“Give me the other, Sarah.”
She smiled as she handed it to him, and then the old man did a magnificently independent thing. He slowly placed the two checks together, tore them into bits and handed the fragments back to the madame.
“No, no, Sarah; no money. Just your gratitude; that is all I ever wanted.”
Then she was at his side again, kissing his tears away and sobbing herself. It was a very pathetic scene and one not easily forgotten by those who witnessed it.
She said that she would “fix him yet” in that peculiar way of hers, which always means that she intends to have her own will.
Some months later I was in San Francisco and met old Levi waddling along the streets with his furs. He stopped me and said he wanted my advice.
“I have just got a letter from Sarah,” he said, “and I don’t know what the devil to do about it.”

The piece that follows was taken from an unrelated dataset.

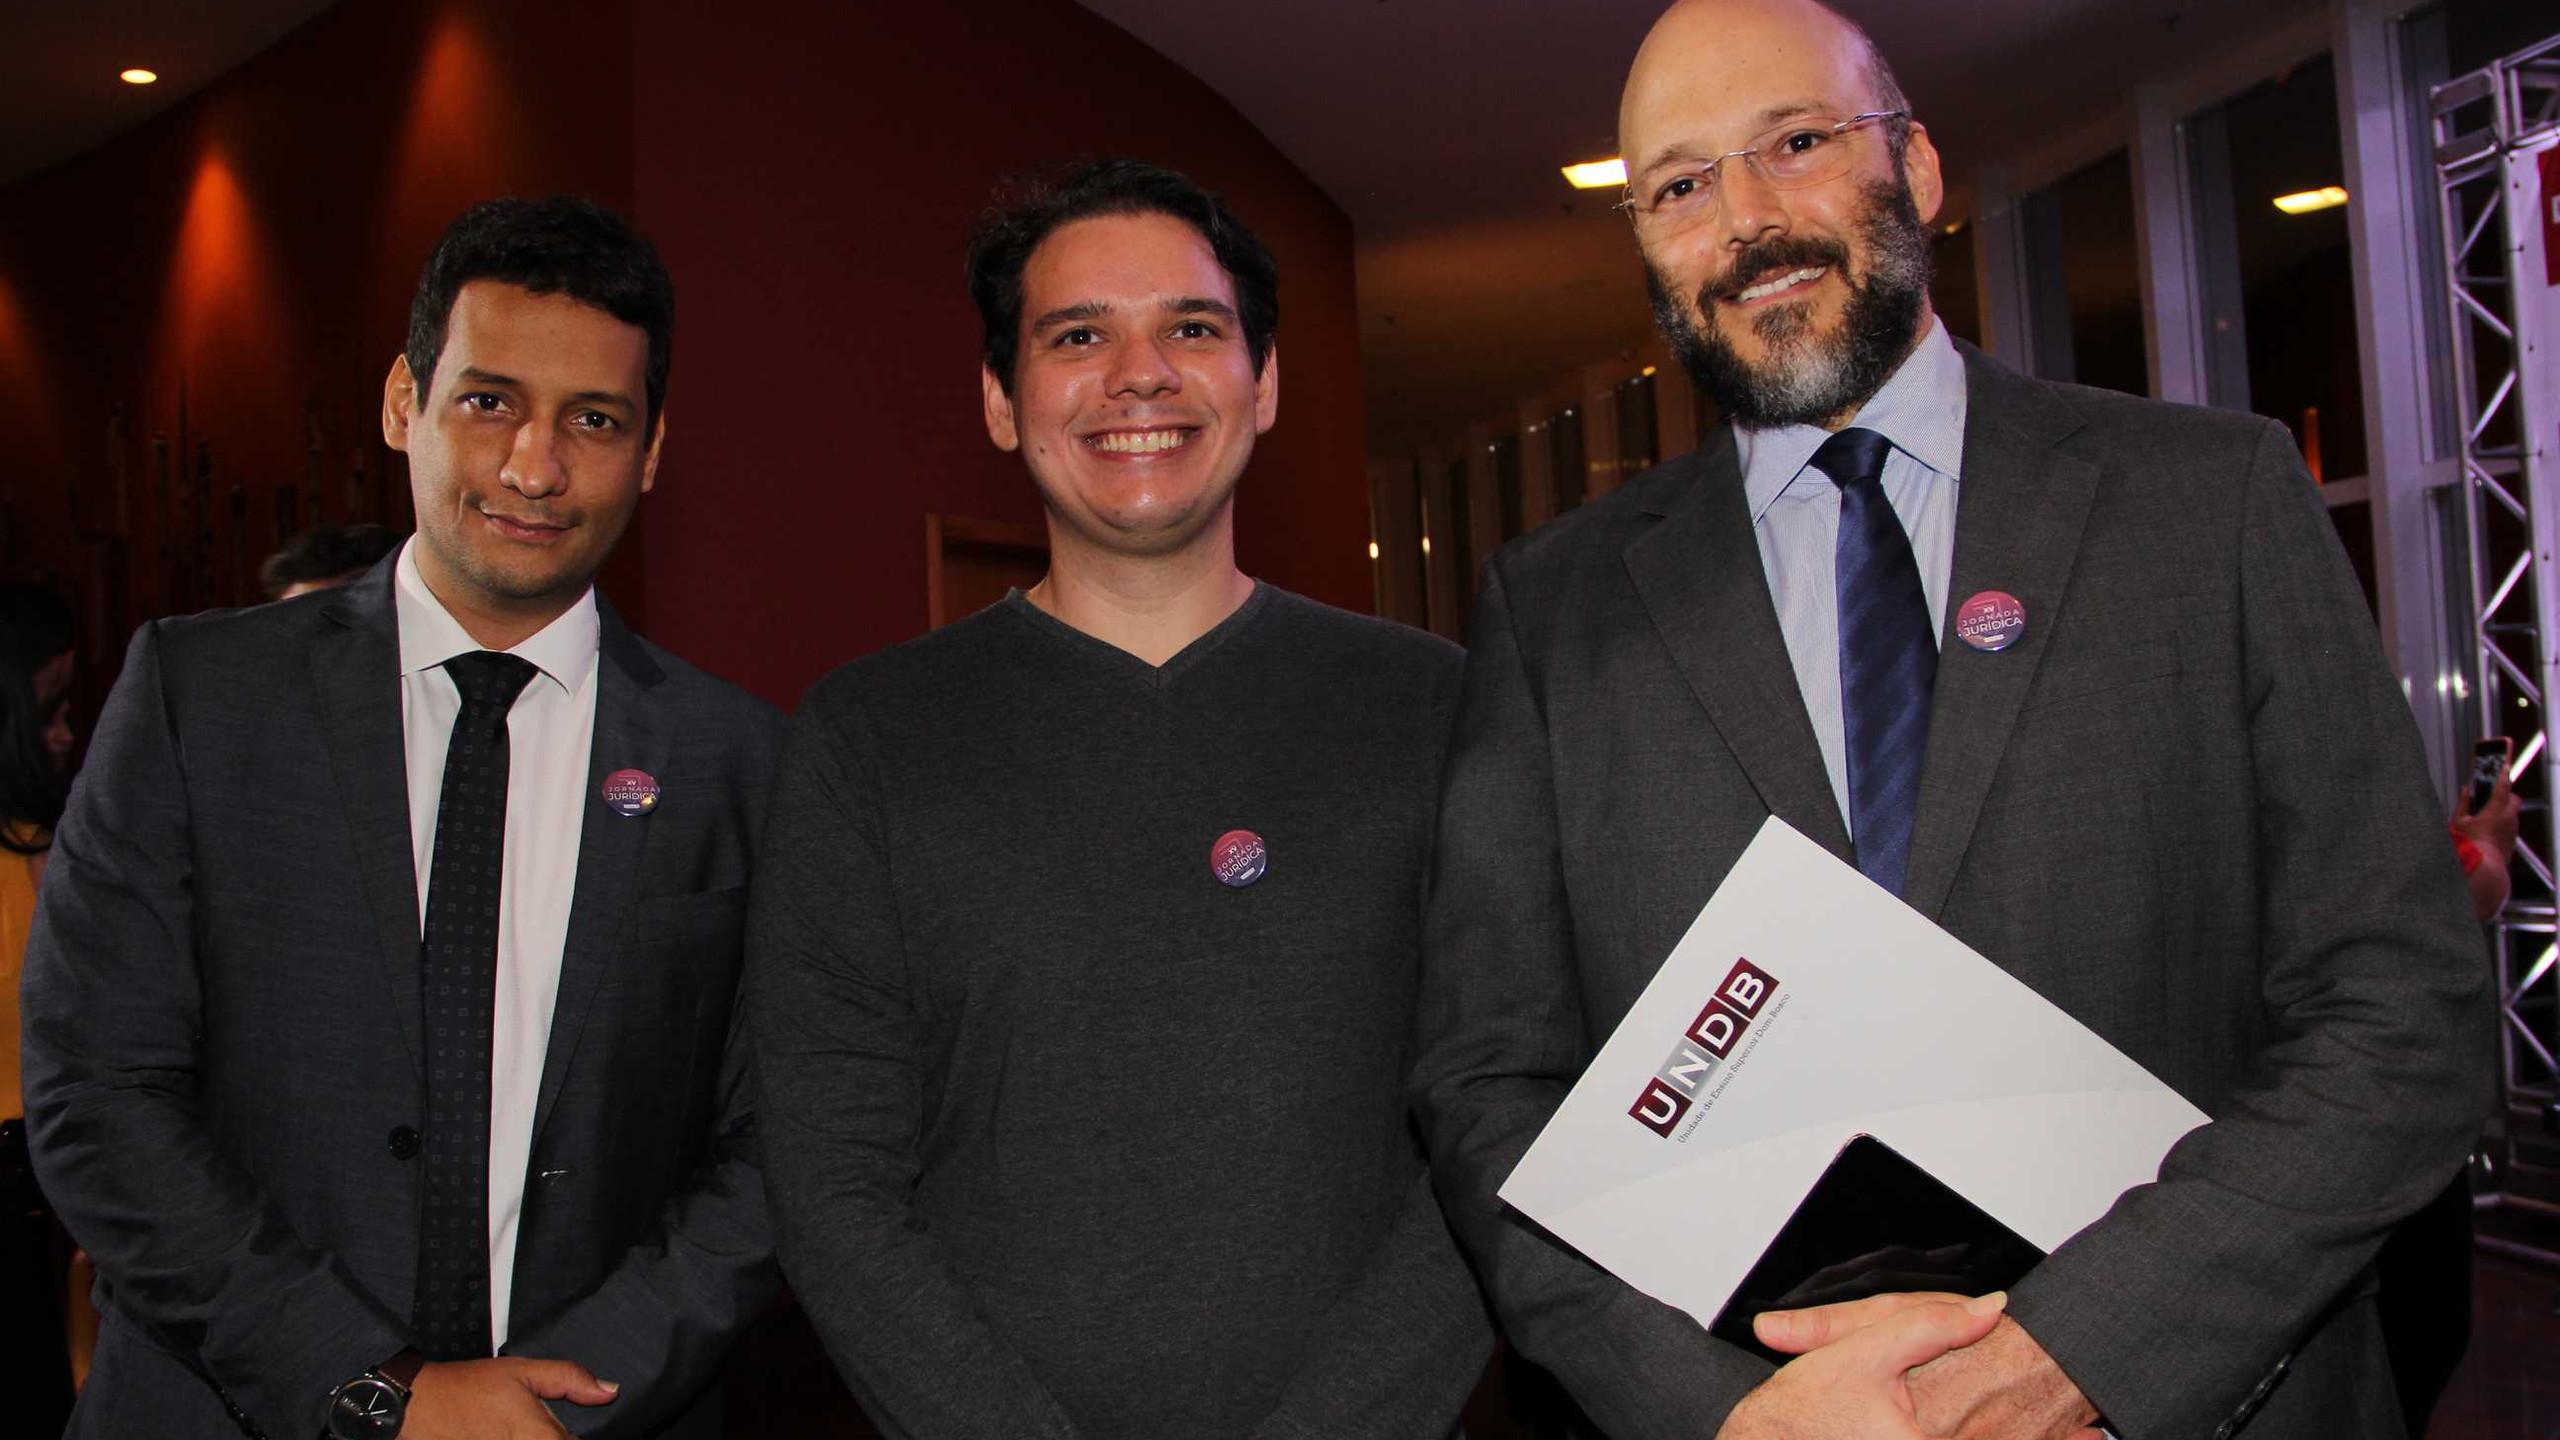 Os professores de Direito da UNDB Paulo Renato, Ruan Bruzaca e Daniel Rodrigues.

He translated the letter as he read it, and it went something like this, as near as I can recall it:
“You tore up the last check I gave you, which was very mean of you. I was very angry at the way you treated my checks. No one else ever did such a thing to me but you, and you make me angry every time I think of you and your treatment of me. You humiliate me before strangers. They must have thought that my checks were worthless, or you must have thought so.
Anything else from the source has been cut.